With the message $m$, we can query the service for $15$ signatures:
m_list = ["5831510802864336587"] * 15
h_list = []
r_list = []
s_list = []
io = remote("redacted.chall.nnsc.tf", 41337, ssl=True)
io.recvuntil(b"friends.\n")
for m in m_list:
io.sendline(m.encode())
io.recvline()
r,s = io.recvline().split(b"=")[1].split(b":")
r_list.append(int(r.strip()))
s_list.append(int(s.strip()))
h_list.append(bytes_to_long(sha384(m.encode()).digest()))
io.close()
With $(r,s,h)$ its just standard a standard hidden number problem instance with zero-msb.

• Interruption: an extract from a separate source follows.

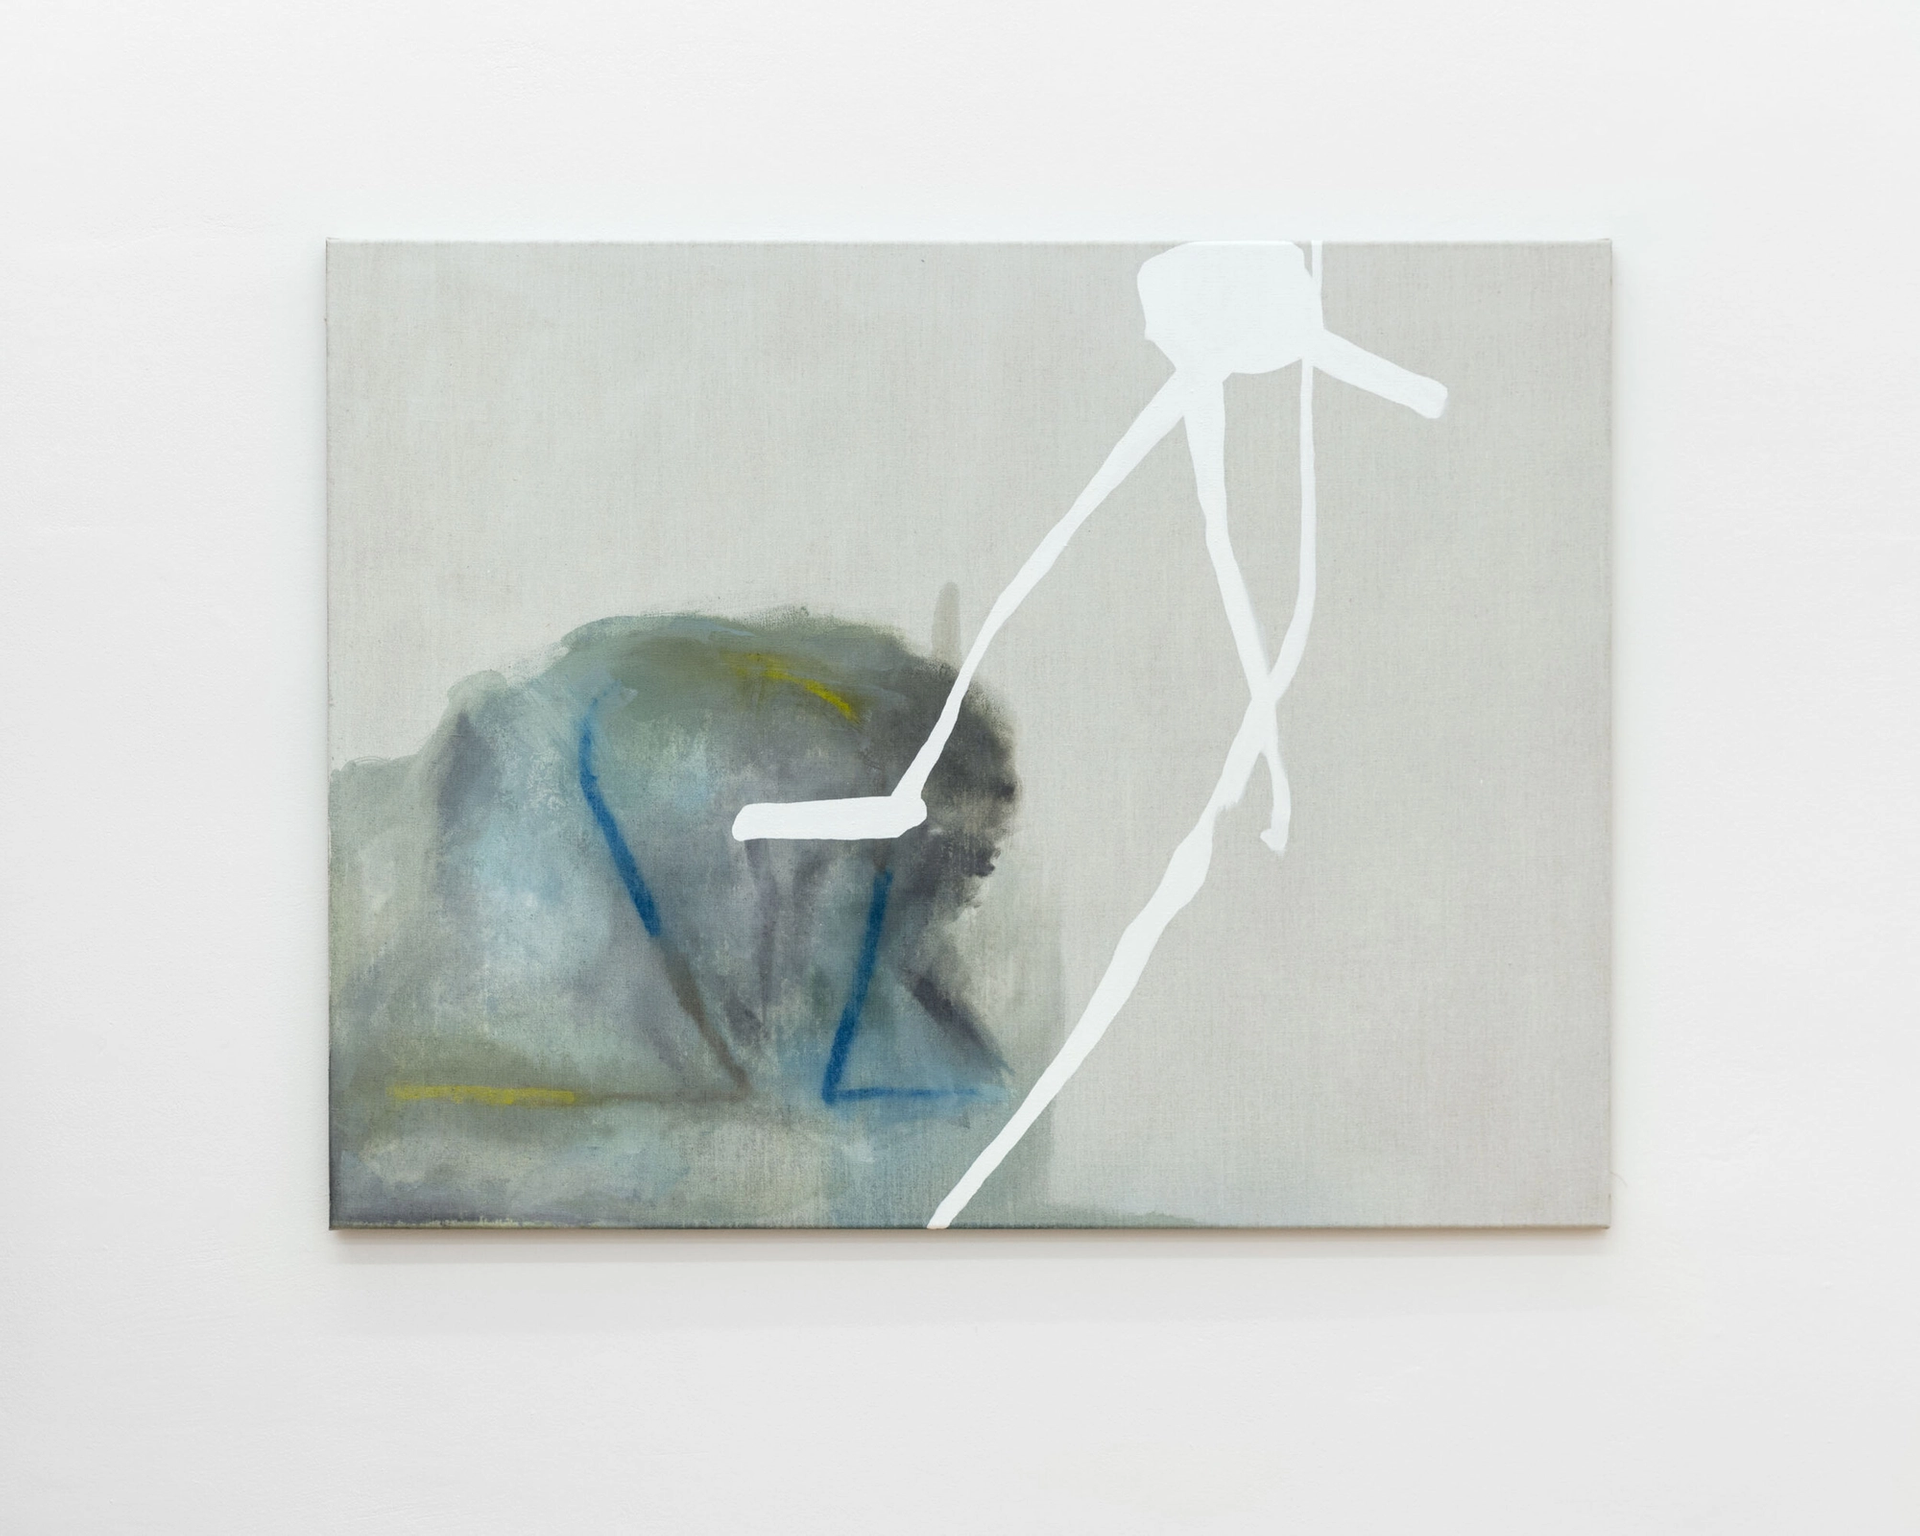 Malte Zenses, Flussdelta und Omega, 2020, lacquer and oil on canvas, 100 × 130 cm | 39 1/3 × 51 1/4 in, photo: Sebastian Kissel

I used the implementation from https://github.com/jvdsn/crypto-attacks/tree/master.
TOTAL_BITS = 384
KNOWN_BITS = TOTAL_BITS - TARGET
MASK_TOP = ((1 << KNOWN_BITS) - 1) << (TOTAL_BITS - KNOWN_BITS)
KNOWN_VALUE = 0 # all top bits are 0
k_partial = [PartialInteger(KNOWN_VALUE, MASK_TOP, TOTAL_BITS) for _ in range(len(r_list))]
print(long_to_bytes(next(dsa_known_msb(E.order(), h_list, r_list, s_list, k_partial))[0]))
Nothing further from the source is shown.